It can be painful for buyout pros to watch a great company that they sold produce a splashy return for the next owner. Great companies are hard to find.
Riverside Co, a lower-mid-market shop with offices worldwide, in 2009 produced a 5.1x gross return on the sale of railroad-equipment-repair company Nordco to OMERS Private Equity; it had invested in 2003. But that wasn’t the end of the company’s strong run. According to Riverside Co-CEO Stewart Kohl, OMERS also made several times its money on its 2013 sale of Nordco to Greenbriar Equity Group, and the company continues to do well.
Sure, Riverside can repurchase a company that it knows and likes. It has done so three times, a spokesman says. But that approach has drawbacks. Consider, for instance, the money lost in the fee-draining process of buying and selling. Now the firm is contemplating another strategy: raising a fund with a term of up to 20 years, double the traditional 10-year term, to accommodate longer holds.
Riverside is hardly alone. Gerry Parsky, founder and chairman of Aurora Capital, told Buyouts in a recent interview that “there’s room in the middle market for what I call long-term capital” and to “create a program to buy middle-market companies and not be compelled to sell them at all.”
Speaking at PartnerConnect Midwest this June, Craig Bondy, managing director at consolidation specialist GTCR, said the firm has talked to backers about stretching out its holding periods. Bondy added, however, that the firm has no immediate plans to raise a longer-lived fund.
At least four buyout shops have already raised or launched such funds. They include pioneer Altas Partners, which this April closed a $1 billion debut fund designed to hold companies for up to 17 years and which has been pursuing the strategy since 2012; CVC Capital Partners, which this February Bloomberg reported to be close to raising a $5 billion fund with a 15-year term; Carlyle Group, which this fall said it had held a $3.6 billion final close on its first long-dated fund, Carlyle Global Partners; and Blackstone Group, whose Core Equity Partners fund had collected close to $670 million as of this spring toward a $5 billion target, according to Pitchbook.
For decades the 10-year term has held sway as the fund life of choice for buyout firms and their limited partners. For investors, the 10-year term has a number of advantages, including the reduction of temptation sponsors might have to sit on companies just to milk management fees. So why the sudden surge of interest in long-lived funds?
Family offices have had a big hand in the trend, both as LPs and deal sponsors.
“Families are more interested in the power of compounding than they are in pretax internal rate of return as a measure of success,” said Rodney Goldstein, managing partner of Windhorse Capital Management, a firm founded in 2010 by brothers David and Richard Salem to manage money on behalf of long-term-oriented investors. “They understand that in years four through 10, compounding becomes enormously powerful in generating growth in actual wealth.”
Windhorse, which takes minority stakes in family-run businesses, raises money on a deal-by-deal basis from a pool of five to 10 families.
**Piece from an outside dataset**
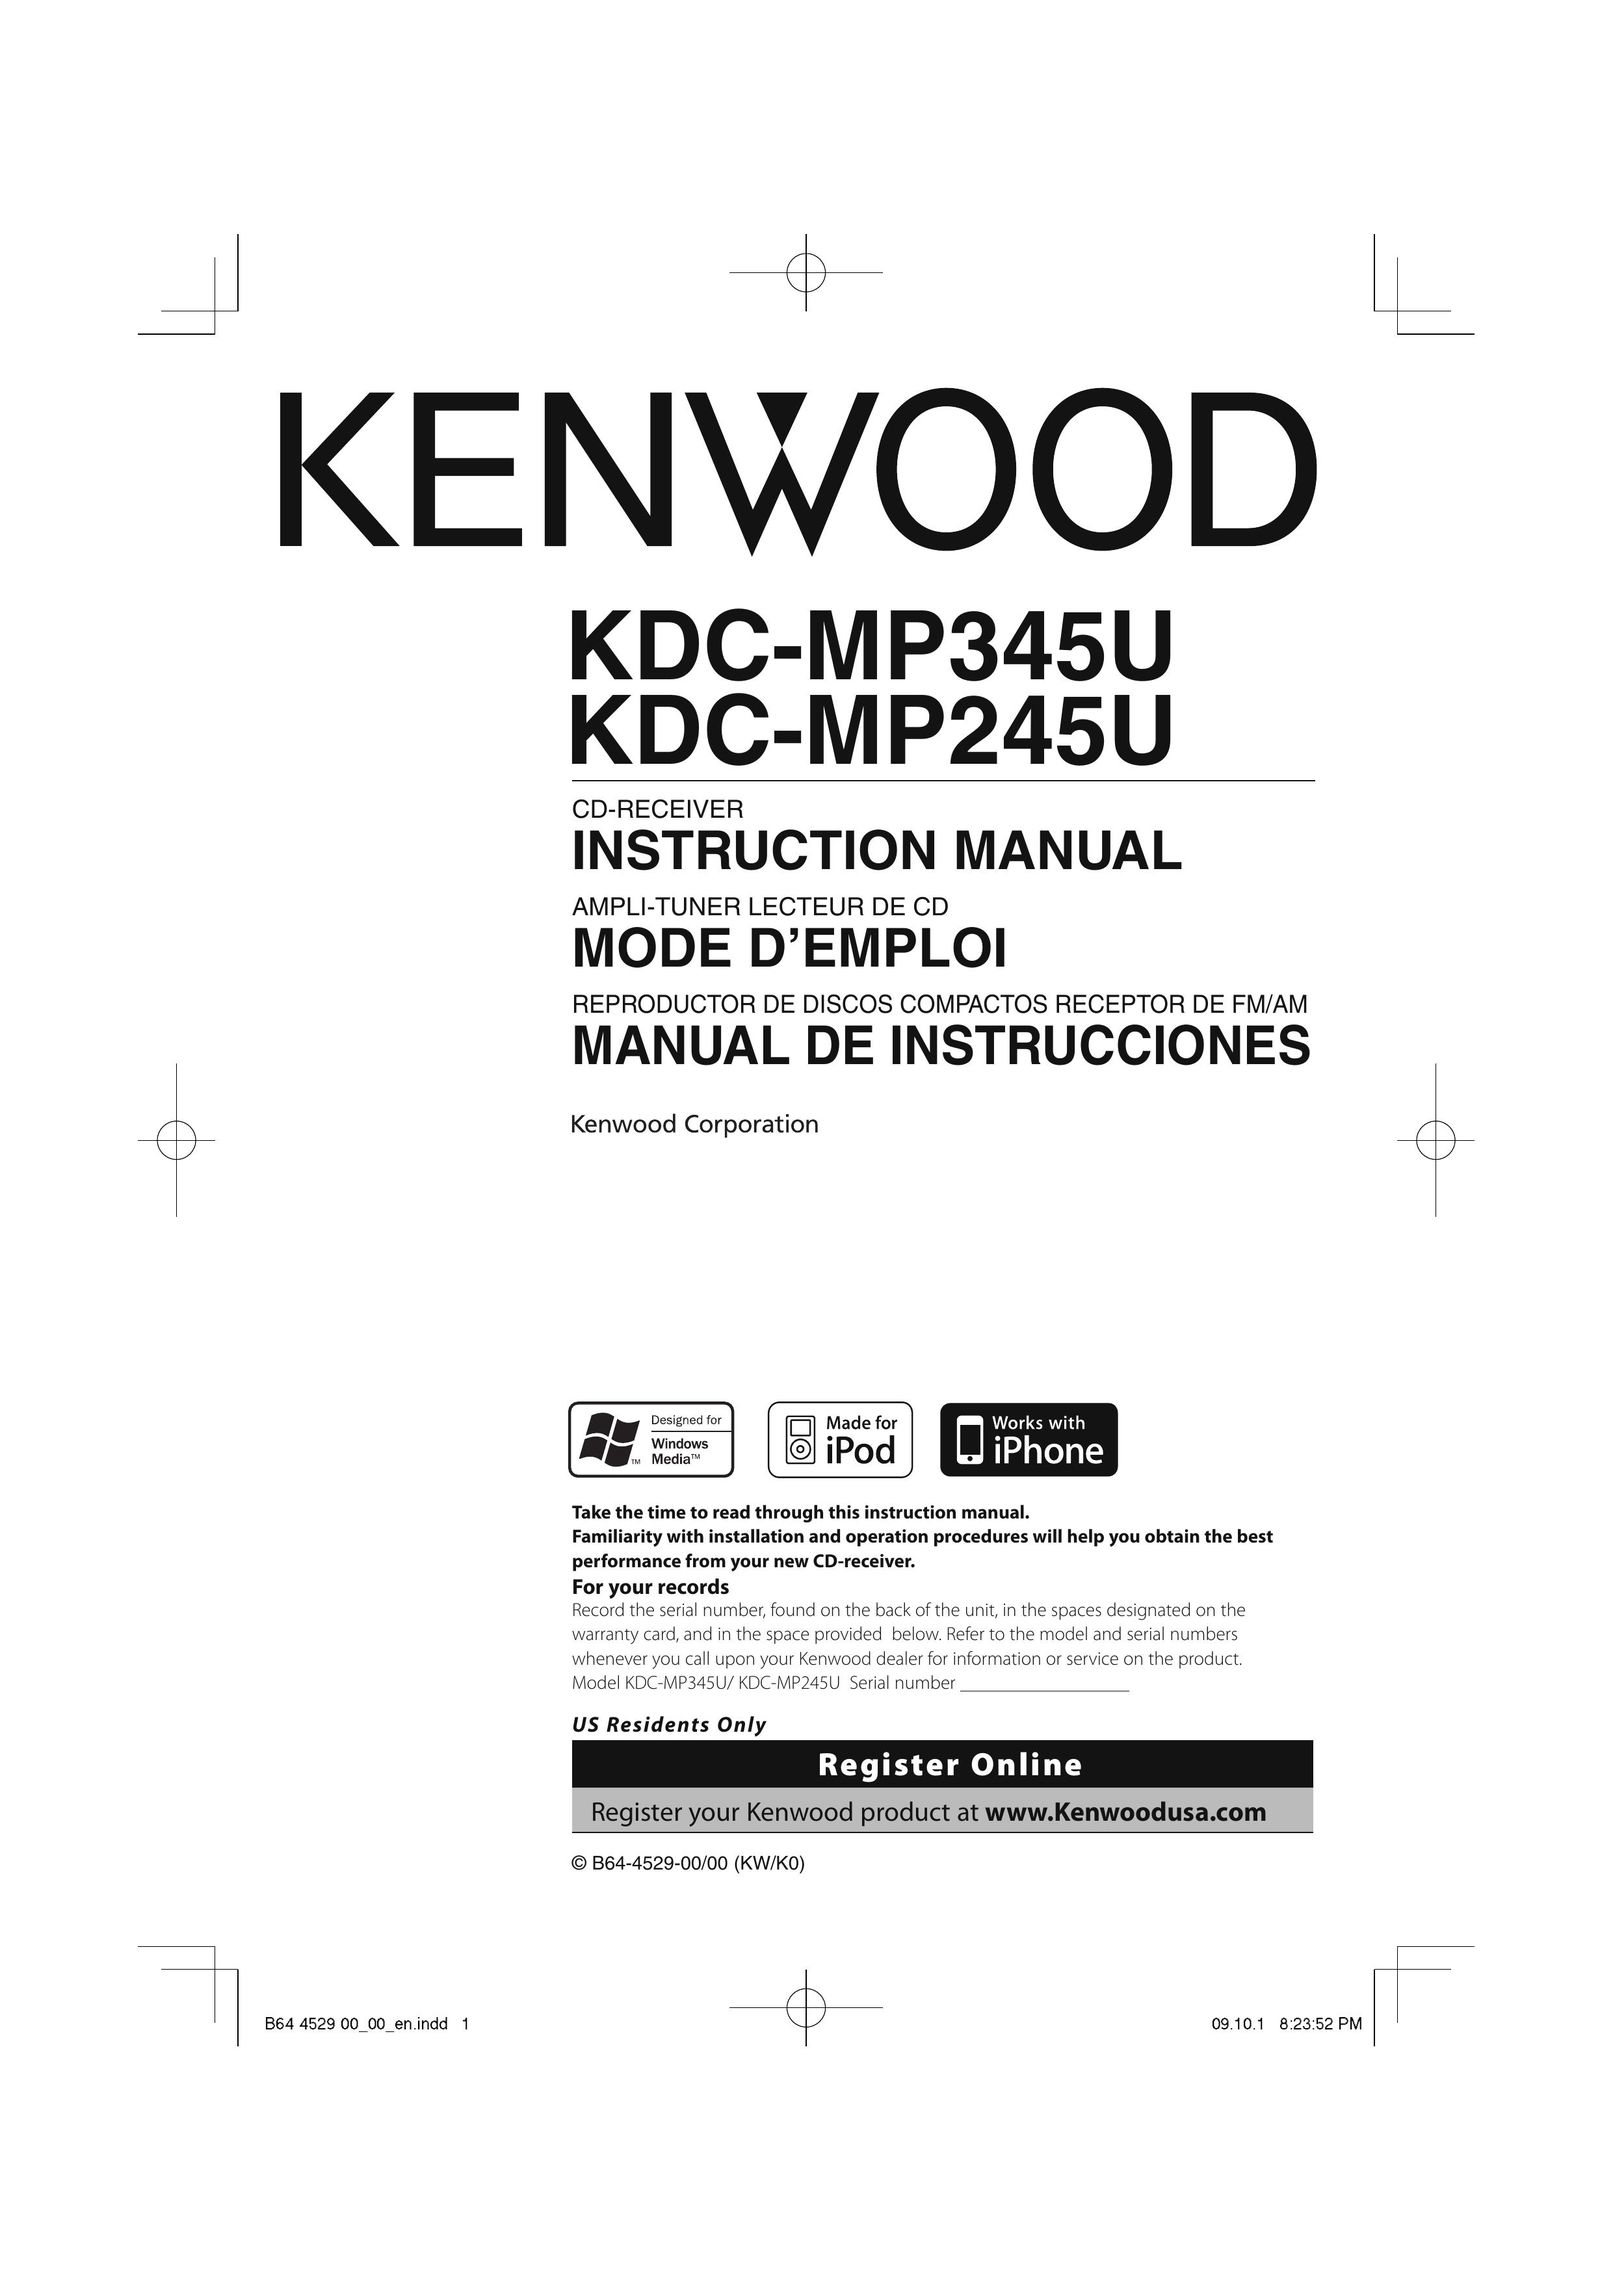 Kenwood KDC-MP345U Car Speaker User Manual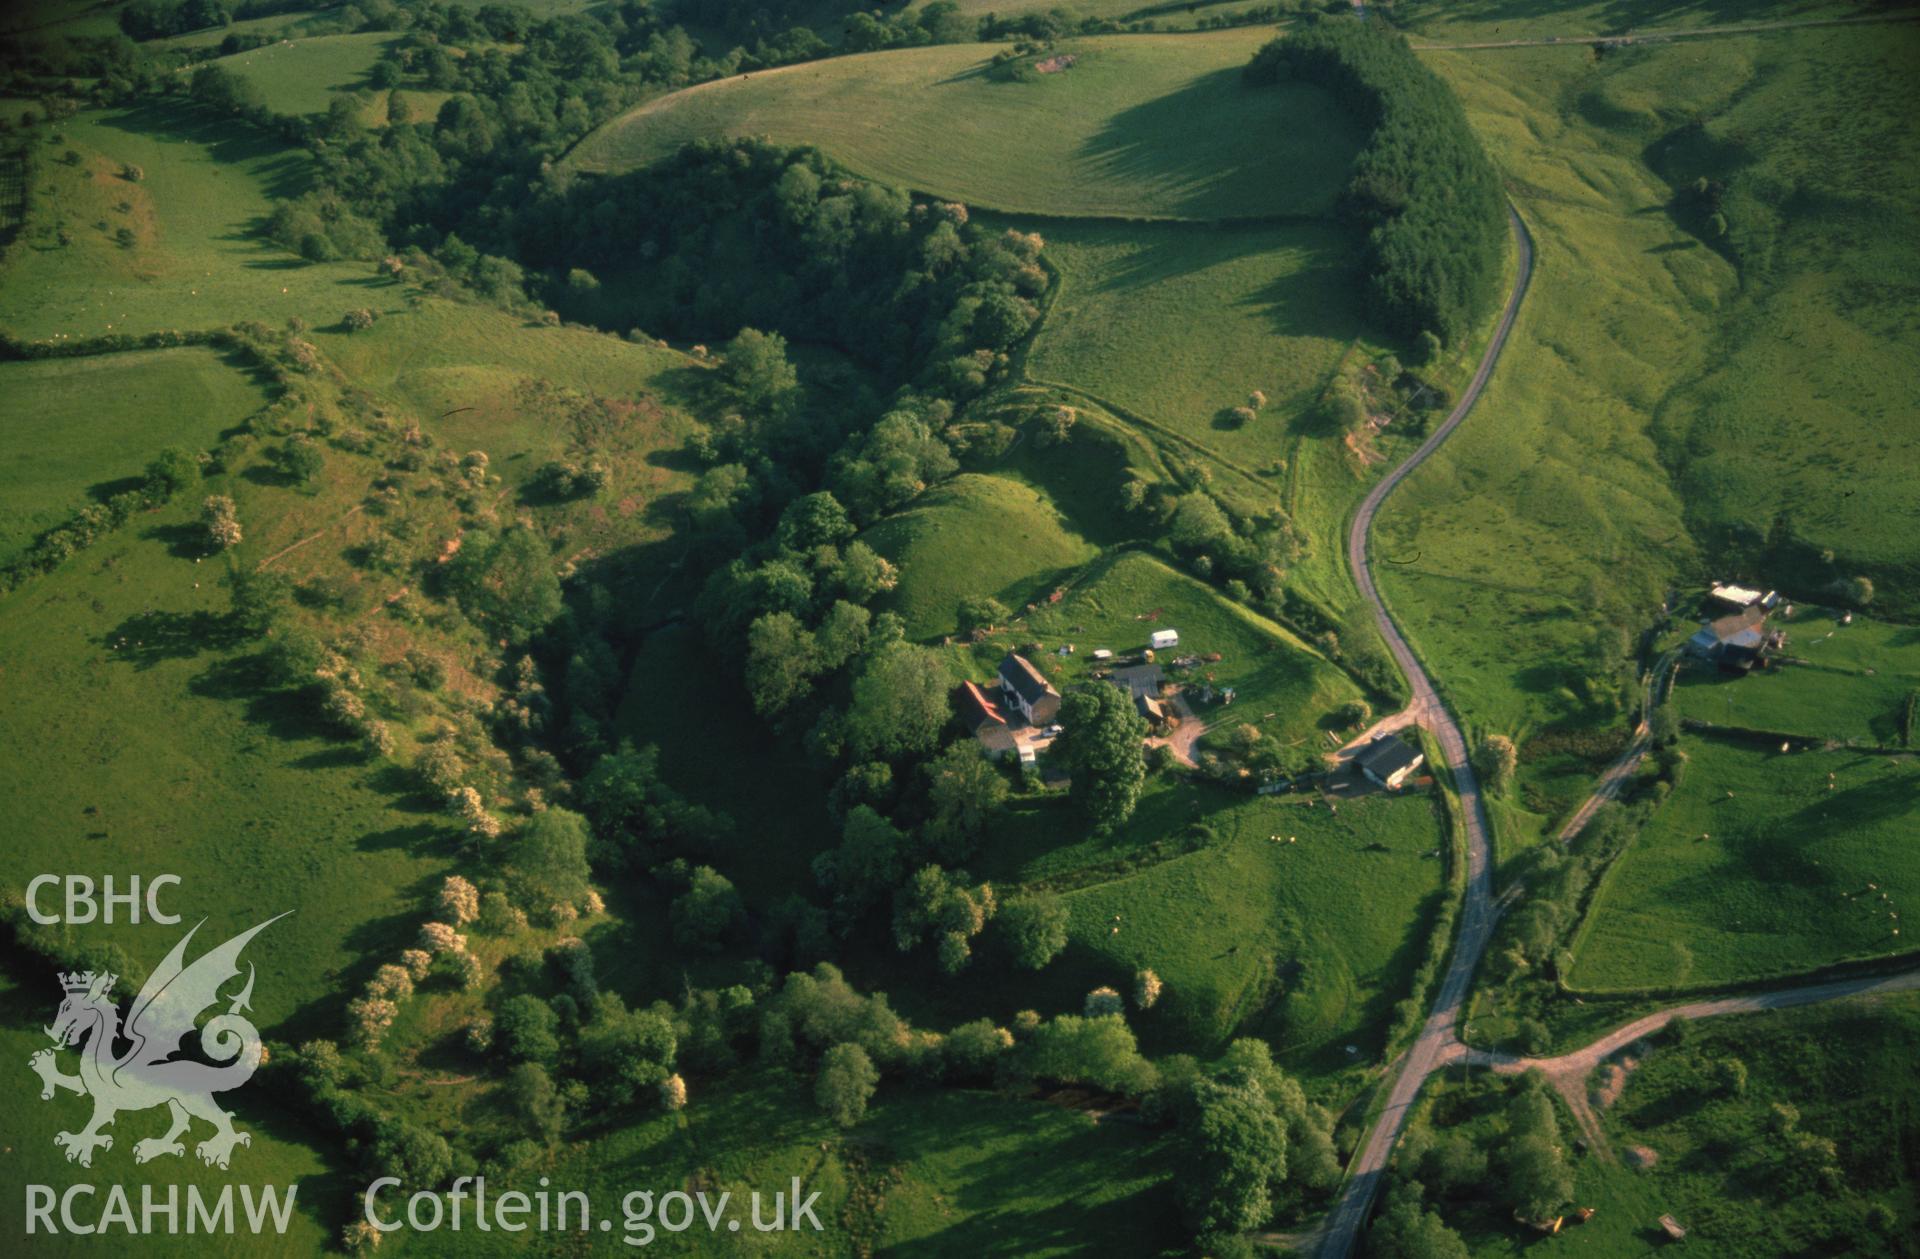 Slide of RCAHMW colour oblique aerial photograph of Castell Cwm Aran;castell Cymaron, taken by C.R. Musson, 13/6/1988.

Other reasons for the growing popularity of long-lived funds:
1) High prices. Having the flexibility to hold a company for, say, as long as 15 years, can reduce the risk of overpaying; buyers can go into such deals confident that they can ride out a downturn in valuations.
2) Competition for deals. Not only are buyout firms raising long-lived funds, but many family offices have unlimited license on hold periods. Funds with traditional 10-year terms face the loss of deals where the seller or management team prefers a long-term partner.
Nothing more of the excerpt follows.